§ Exercise
Leave out the pictures. Return every record otherwise untouched.

# # # # #

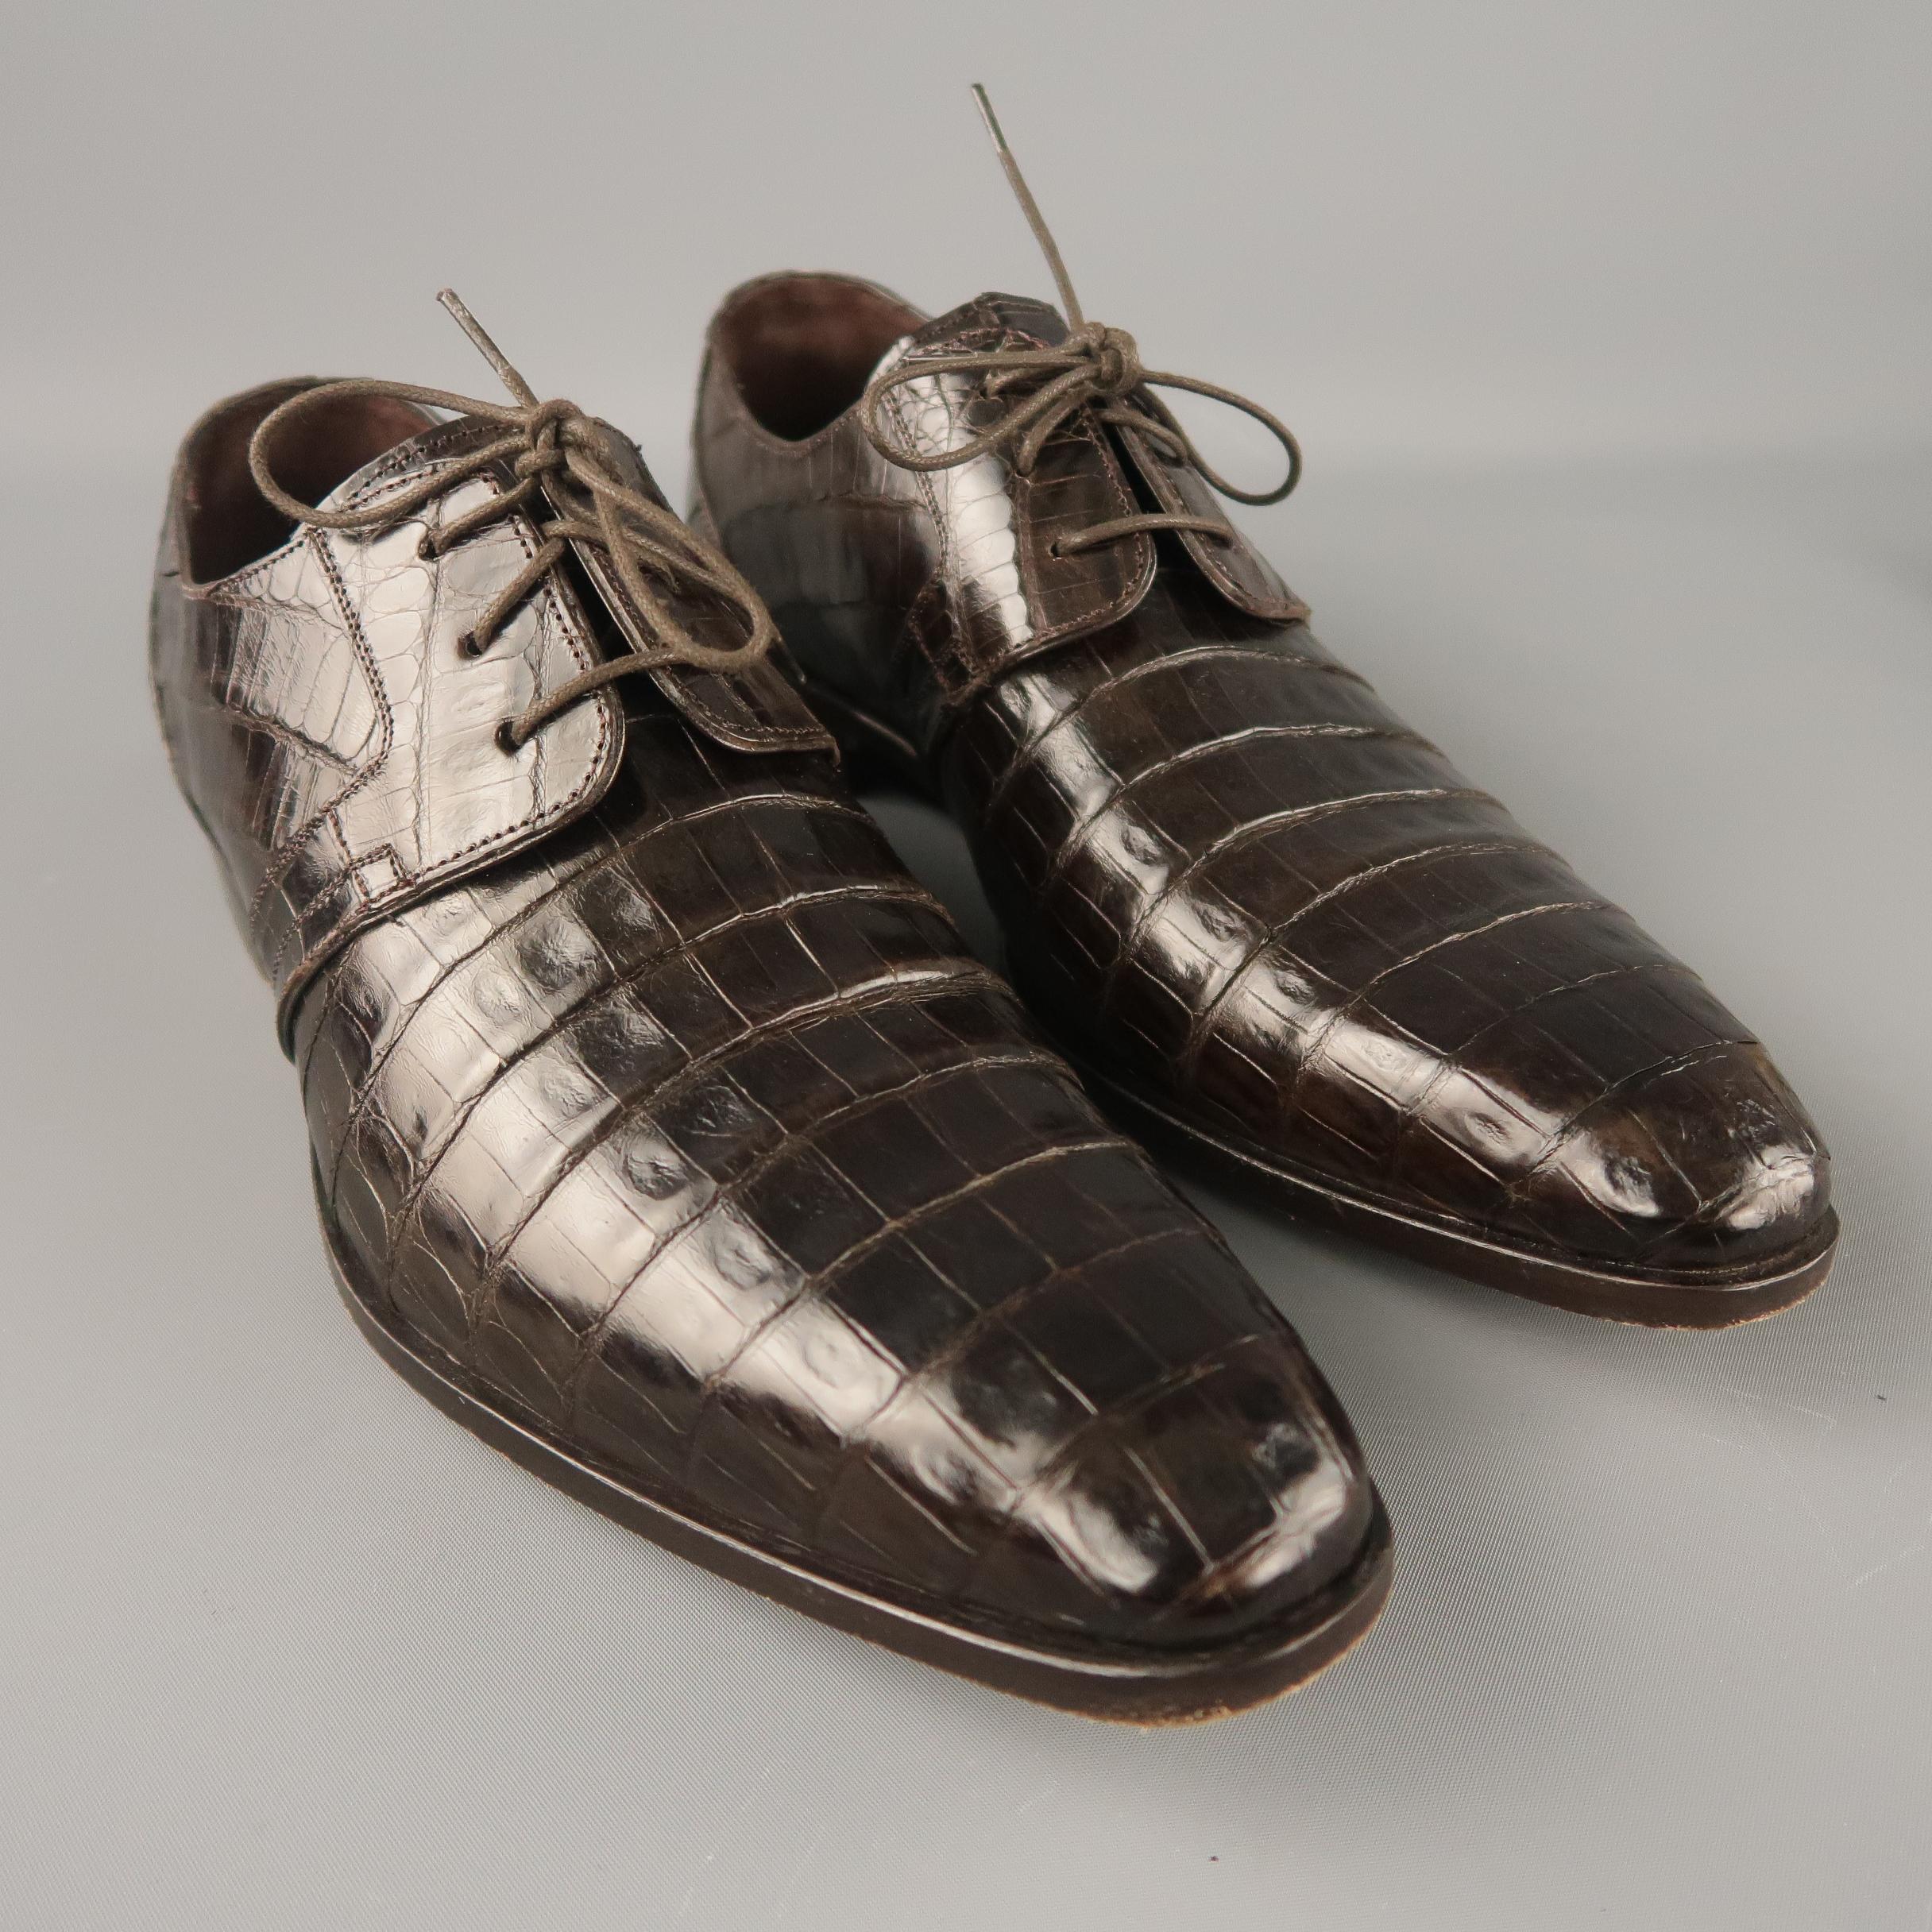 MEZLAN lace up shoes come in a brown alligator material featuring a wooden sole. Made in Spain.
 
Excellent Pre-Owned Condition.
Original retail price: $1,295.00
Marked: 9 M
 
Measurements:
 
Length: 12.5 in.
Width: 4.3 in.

# # # # #

§ Exercise answer
 MEZLAN lace up shoes come in a brown alligator material featuring a wooden sole. Made in Spain.
 
Excellent Pre-Owned Condition.
Original retail price: $1,295.00
Marked: 9 M
 
Measurements:
 
Length: 12.5 in.
Width: 4.3 in.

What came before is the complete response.